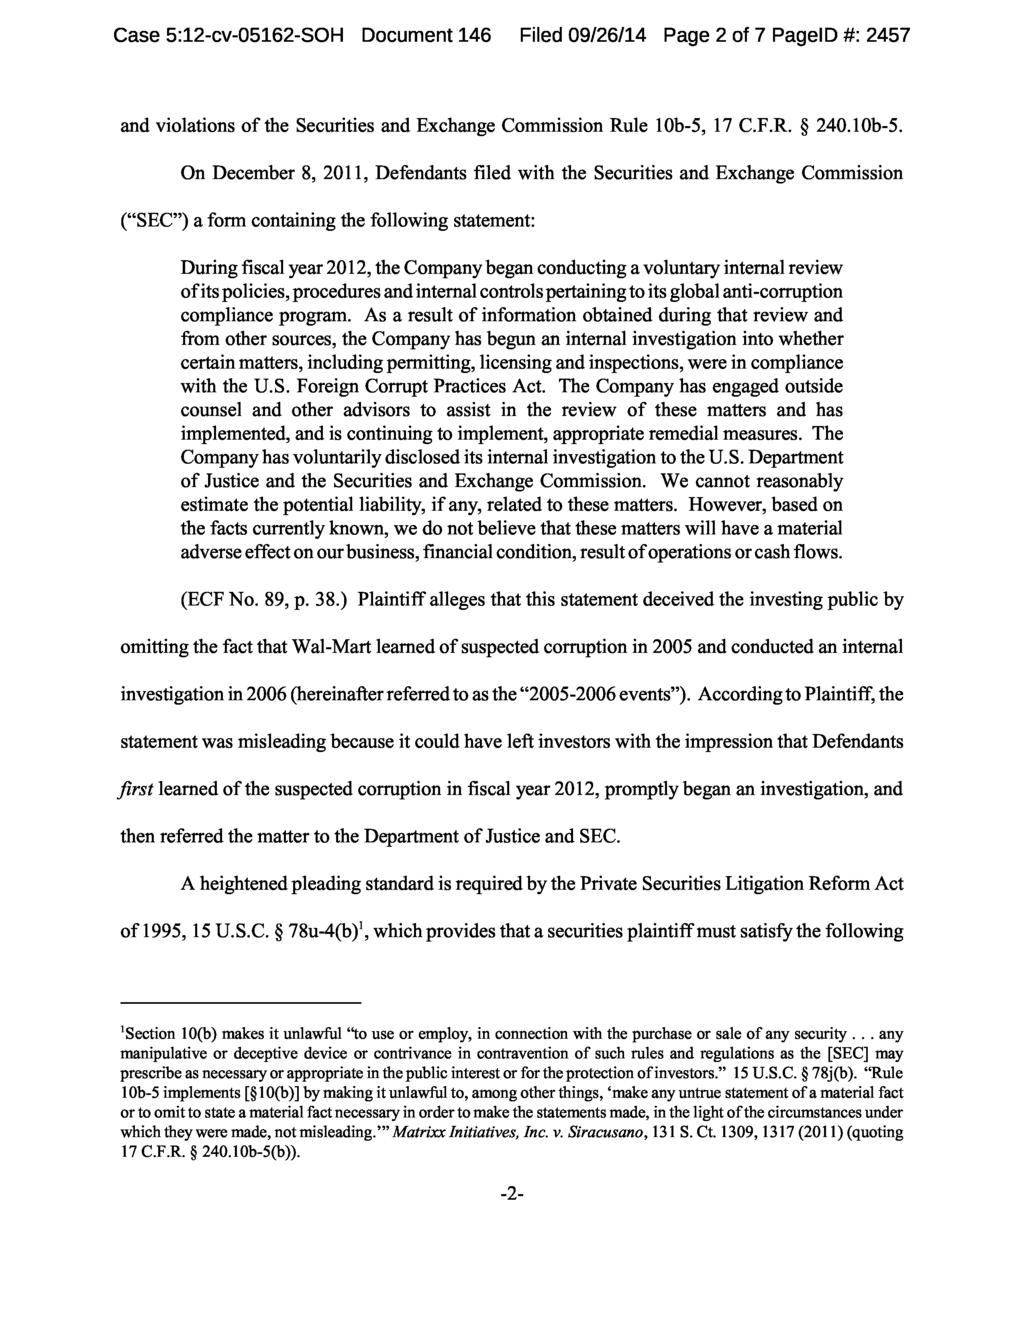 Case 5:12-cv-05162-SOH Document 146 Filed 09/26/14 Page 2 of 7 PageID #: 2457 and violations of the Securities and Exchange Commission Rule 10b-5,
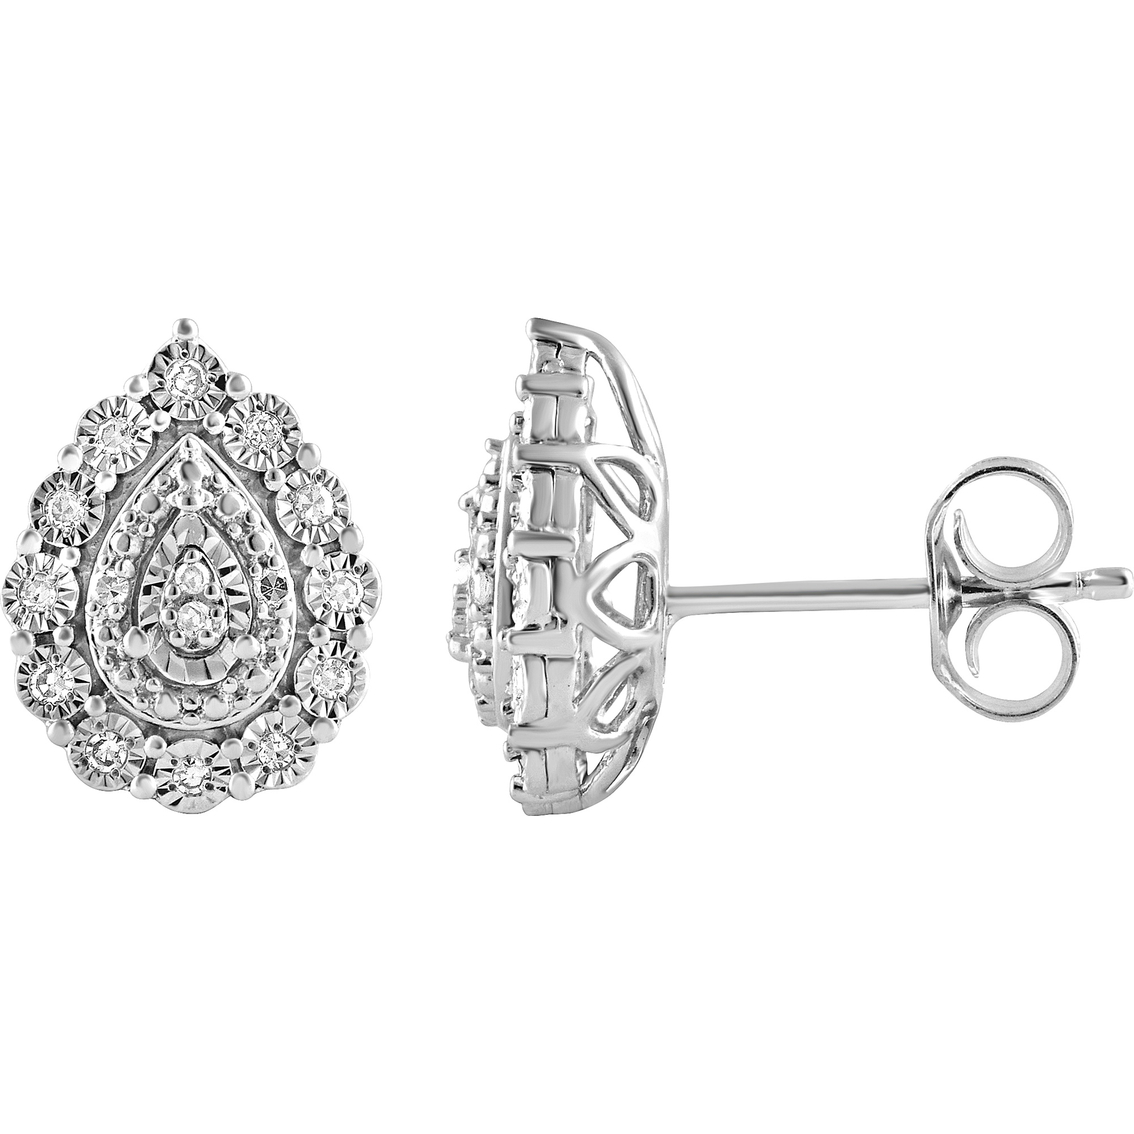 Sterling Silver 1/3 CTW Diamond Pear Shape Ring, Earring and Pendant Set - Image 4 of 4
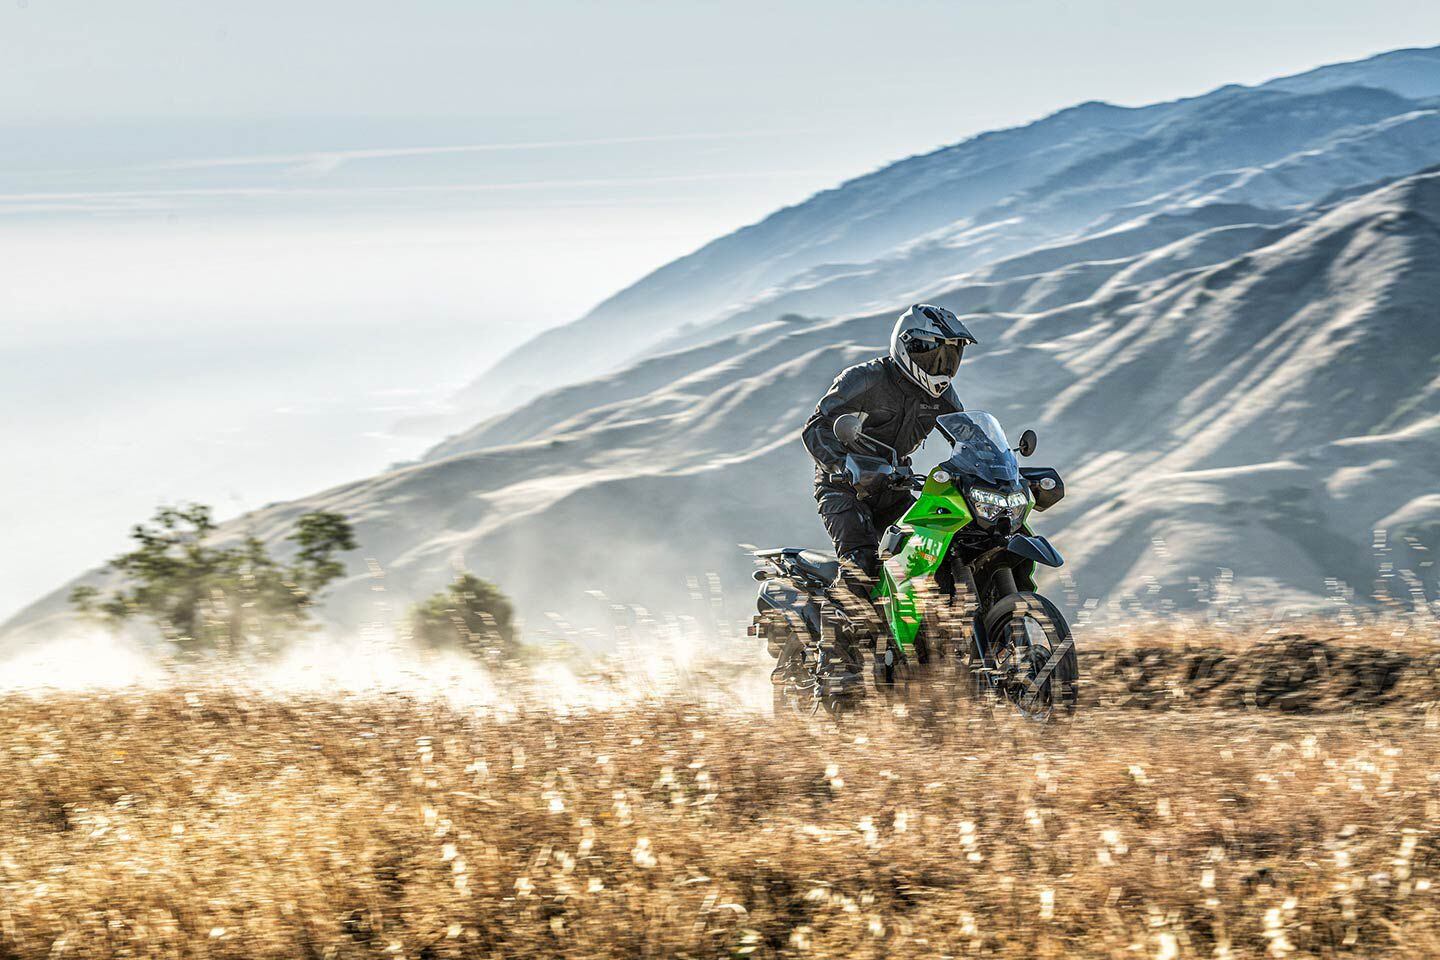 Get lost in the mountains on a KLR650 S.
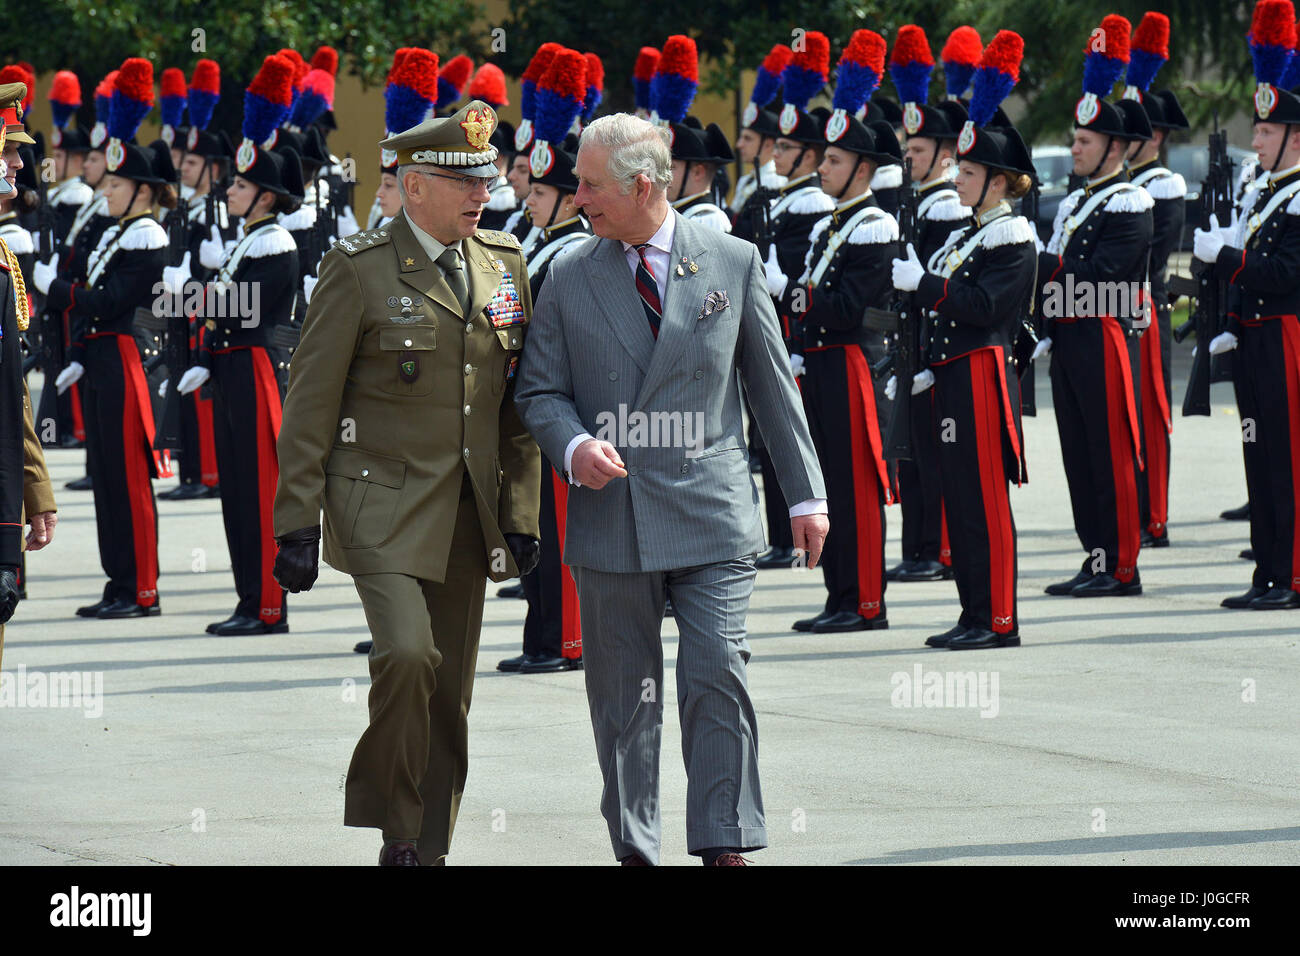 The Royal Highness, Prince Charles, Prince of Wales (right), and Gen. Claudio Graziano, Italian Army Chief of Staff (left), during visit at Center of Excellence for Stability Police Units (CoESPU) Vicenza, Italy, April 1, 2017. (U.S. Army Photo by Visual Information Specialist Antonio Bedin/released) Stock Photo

******

**YOUR INSTRUCTIONS:** Print the full listing exactly, dropping the pictures.

**SOLUTION FOR THIS EXERCISE:**
 Case 5:12-cv-05162-SOH Document 146 Filed 09/26/14 Page 2 of 7 PageID #: 2457 and violations of the Securities and Exchange Commission Rule 10b-5,
 Sterling Silver 1/3 CTW Diamond Pear Shape Ring, Earring and Pendant Set - Image 4 of 4
 Get lost in the mountains on a KLR650 S.
 The Royal Highness, Prince Charles, Prince of Wales (right), and Gen. Claudio Graziano, Italian Army Chief of Staff (left), during visit at Center of Excellence for Stability Police Units (CoESPU) Vicenza, Italy, April 1, 2017. (U.S. Army Photo by Visual Information Specialist Antonio Bedin/released) Stock Photo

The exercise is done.